Tensor types mismatch when trying to enable GPU

Hello,

I need help figuring out what I’m missing from this tutorial about Whisper fine-tuning.

I’m working in a containerized Docker environment with the following specifications:

  • Base image: ubuntu:22.04
  • Python 3.10
  • Pipenv to manage dependencies and Python environment

I’m using the Italian subset of the original dataset common_voice and working with just 1% of the subset’s data. Here’s the code snippet:

common_voice["train"] = load_dataset("mozilla-foundation/common_voice_11_0", "it", split="train[:1%]+validation[:1%]", use_auth_token=True)
common_voice["test"] = load_dataset("mozilla-foundation/common_voice_11_0", "it", split="test[:1%]", use_auth_token=True)

For now, my objective is to implement the entire tutorial.
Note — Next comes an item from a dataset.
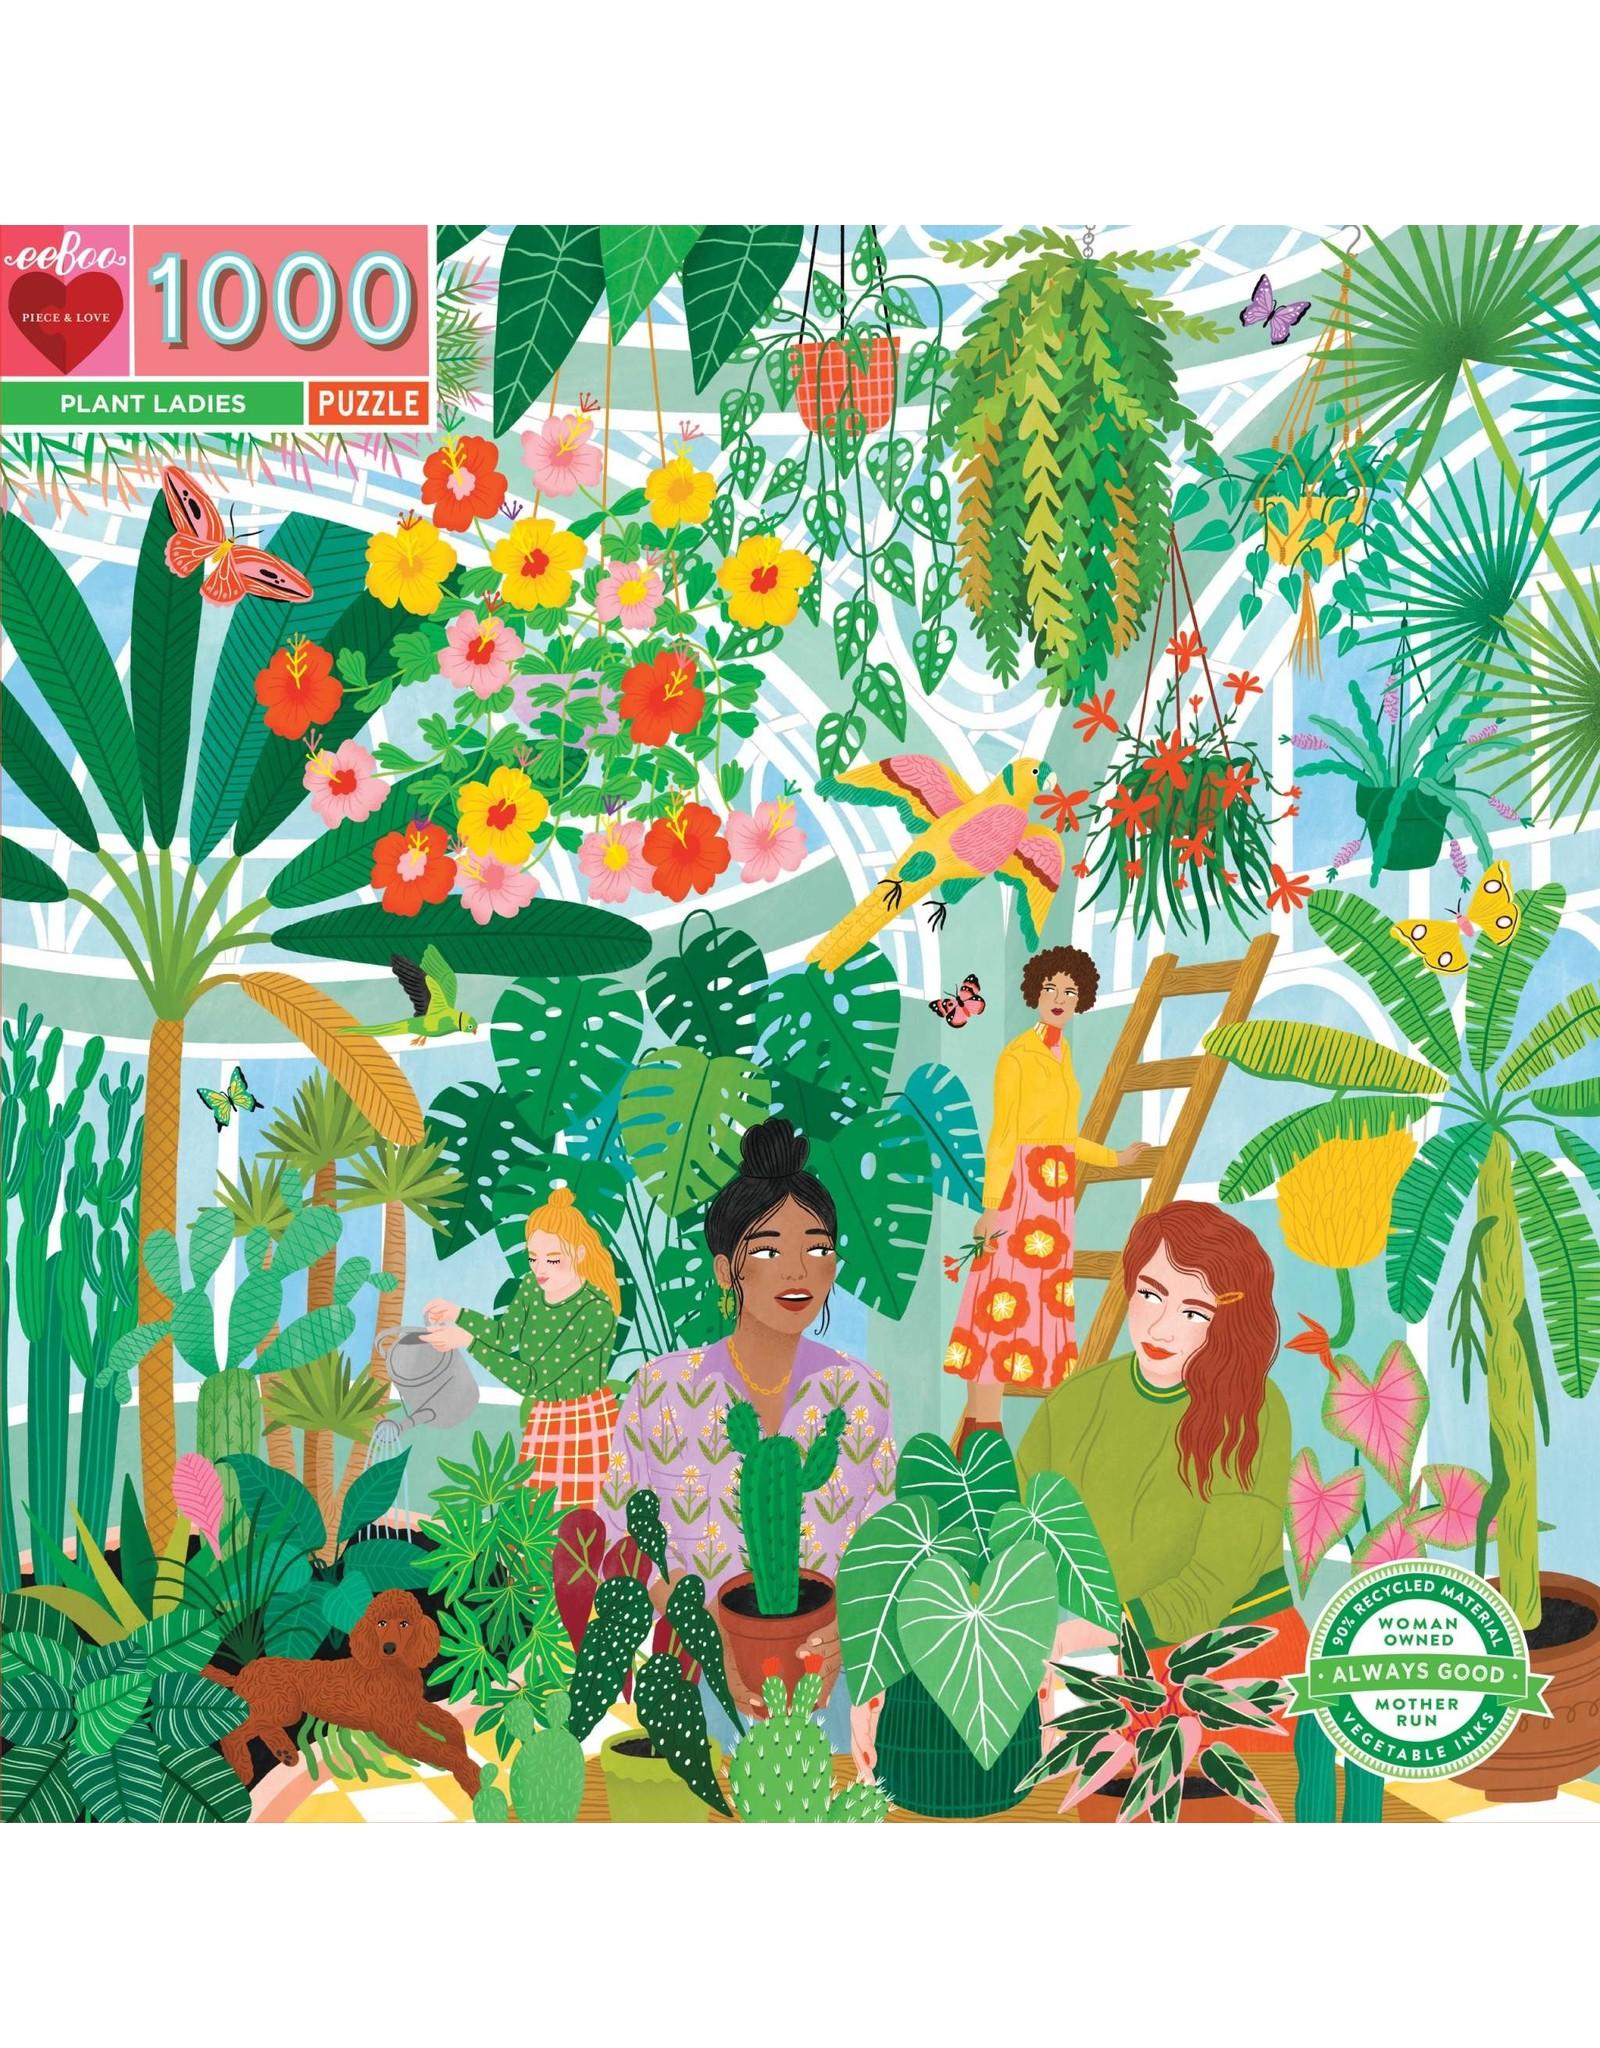 eeBoo Plant Ladies 1000p

I’m focusing on the implementation of the entire application rather than the quality of the final training. I have successfully implemented all steps regarding dataset loading and data preparation. However, when it is time to run the trainer.train method, the process takes too long, and the progress bar remains at 0% for hours, despite having a relatively small dataset. Here is the code for my trainer configuration:

# -------- #
# training #
# -------- #

print("Configuring training parameters...")
training_args = Seq2SeqTrainingArguments(
    optim="adamw_torch",
    output_dir="./whisper-small-it",  # Change to a repo name of your choice
    per_device_train_batch_size=16,
    gradient_accumulation_steps=1,  # Increase by 2x for every 2x decrease in batch size
    learning_rate=1e-5,
    warmup_steps=500,
    max_steps=4000,
    gradient_checkpointing=True,
    fp16=False,  # FP16 half precision evaluation (`--fp16_full_eval`) can only be used on CUDA devices
    evaluation_strategy="steps",
    per_device_eval_batch_size=8,
    predict_with_generate=True,
    generation_max_length=225,
    save_steps=1000,
    eval_steps=1000,
    logging_steps=25,
    report_to=["tensorboard"],
    load_best_model_at_end=True,
    metric_for_best_model="wer",
    greater_is_better=False,
    push_to_hub=True,
)

trainer = Seq2SeqTrainer(
    args=training_args,
    model=model,
    train_dataset=common_voice["train"],
    eval_dataset=common_voice["test"],
    data_collator=data_collator.DataCollatorSpeechSeq2SeqWithPadding(processor=processor),
    compute_metrics=compute_metrics,
    tokenizer=processor.feature_extractor,
)

trainer.train()

Due to the slow training process, I decided to move outside my container and run the application on my MacBook Pro (Apple M2 Max) to utilize my GPU. I configured Accelerate using the following command:

python -c "from accelerate.utils import write_basic_config; write_basic_config(mixed_precision='fp16')"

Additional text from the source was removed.